Gli uomini tendono ad avere molti meno contatti con il mondo sanitario, a non effettuare una prevenzione adeguata, a rivolgersi al personale medico solo in caso di stretta necessità e a essere meno informati su quanto concerne la salute. In particolare, procrastinano o saltano gli screening con maggiore frequenza delle donne, sono più riluttanti all’idea di rivolgersi alle strutture sanitarie e a informarsi su una data condizione di malessere o disturbo. Finalmente la scienza e gli studi di genere stanno iniziando a occuparsi del nesso che sussiste tra la maschilità tossica e la salute maschile, ma la strada verso la consapevolezza di sé e del proprio corpo per gli uomini è ancora molto lunga e in salita.
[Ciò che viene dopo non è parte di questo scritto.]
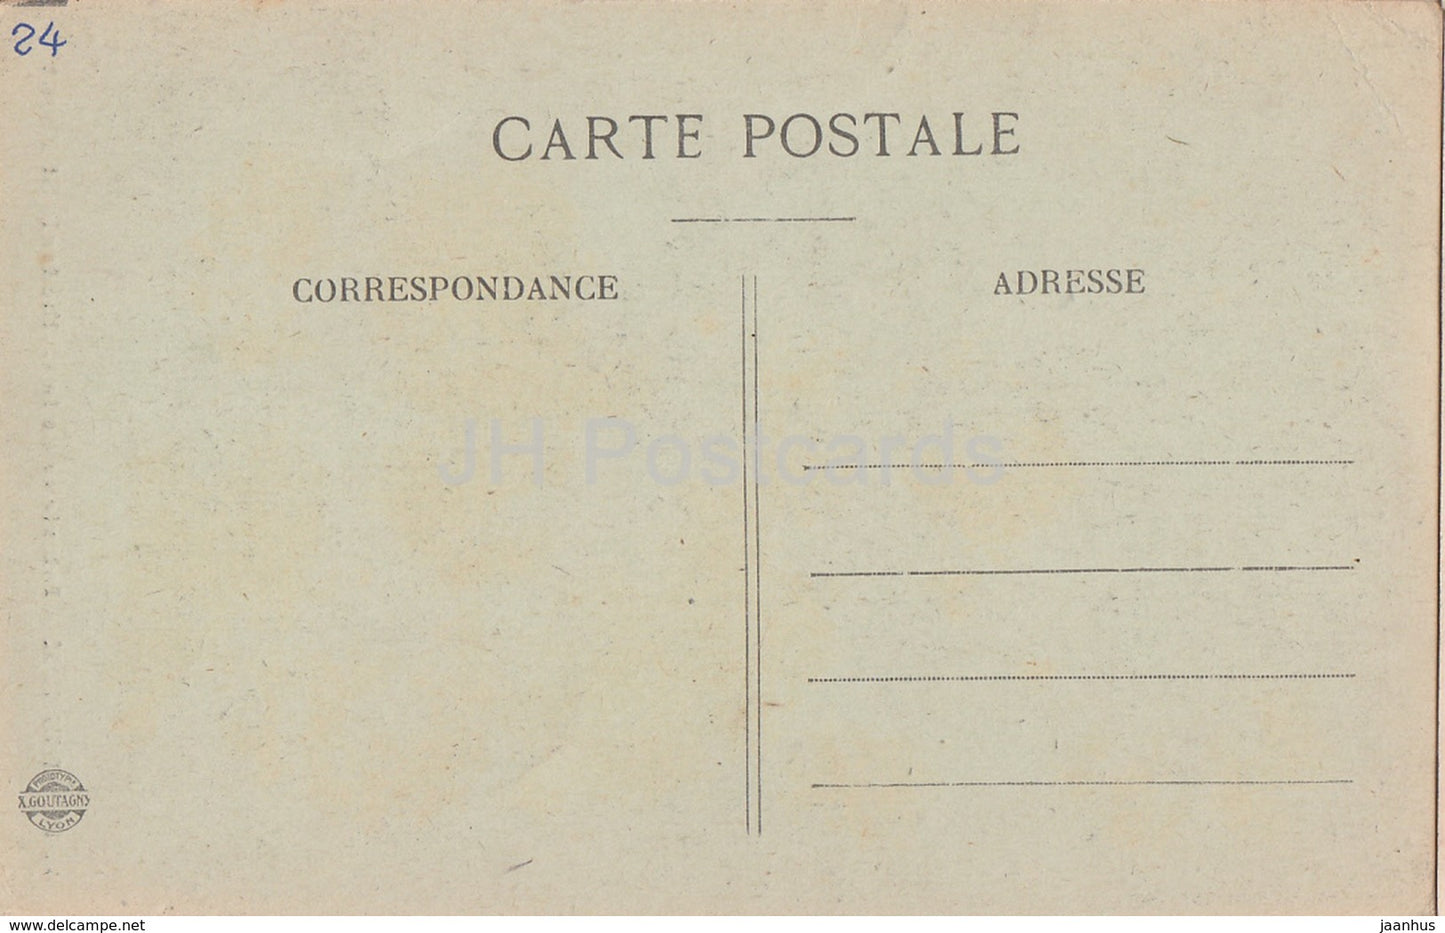 Perigueux - Interieur de la Cathedrale St Front - cathedral - 14 - old postcard - France - unused

Gli uomini sono molto più indietro quanto a consapevolezza del proprio corpo e della propria salute fisica e mentale. I numeri sono allarmanti e ci mettono davanti all’urgenza di agire contro questo trend pericoloso: la mancanza di consapevolezza, la trascuratezza, la disattenzione provocano a loro volta l’assenza o comunque l’insufficienza di un’adeguata prevenzione maschile.
Cosa si può fare?
Negli ultimi anni si sta cercando di sensibilizzare le persone al tema della salute maschile e di avvicinare la sanità agli uomini con dei programmi più specifici che però, essendo partiti di recente, ancora non possono essere risolutivi del problema. Novembre è stato poi istituito come mese dedicato alla prevenzione maschile e qualche passo avanti verso la rimozione dello stigma dell’invincibilità dei corpi maschili è stato fatto. Ma la strada è ancora lunga.
È fondamentale normalizzare l’attenzione alla salute fisica e mentale di tutte le persone: la norma dovrebbe essere prendersi cura di sé, salvaguardarsi, attivarsi per il proprio benessere e avere la possibilità e gli strumenti per farlo, compreso l’accesso alle strutture sanitarie e alle cure, perché è questo che meritiamo, e non nascondere, negare, sopprimere le nostre insicurezze, debolezze e malesseri. E abbiamo bisogno di una medicina che superi il binarismo e di ricerche che non si rivolgano e non siano dedicate solo a persona cisgender.
Prendersi cura della propria salute non è sinonimo di debolezza, ma un atto di amore che ogni corpo e ogni mente, di qualunque genere siano, meritano.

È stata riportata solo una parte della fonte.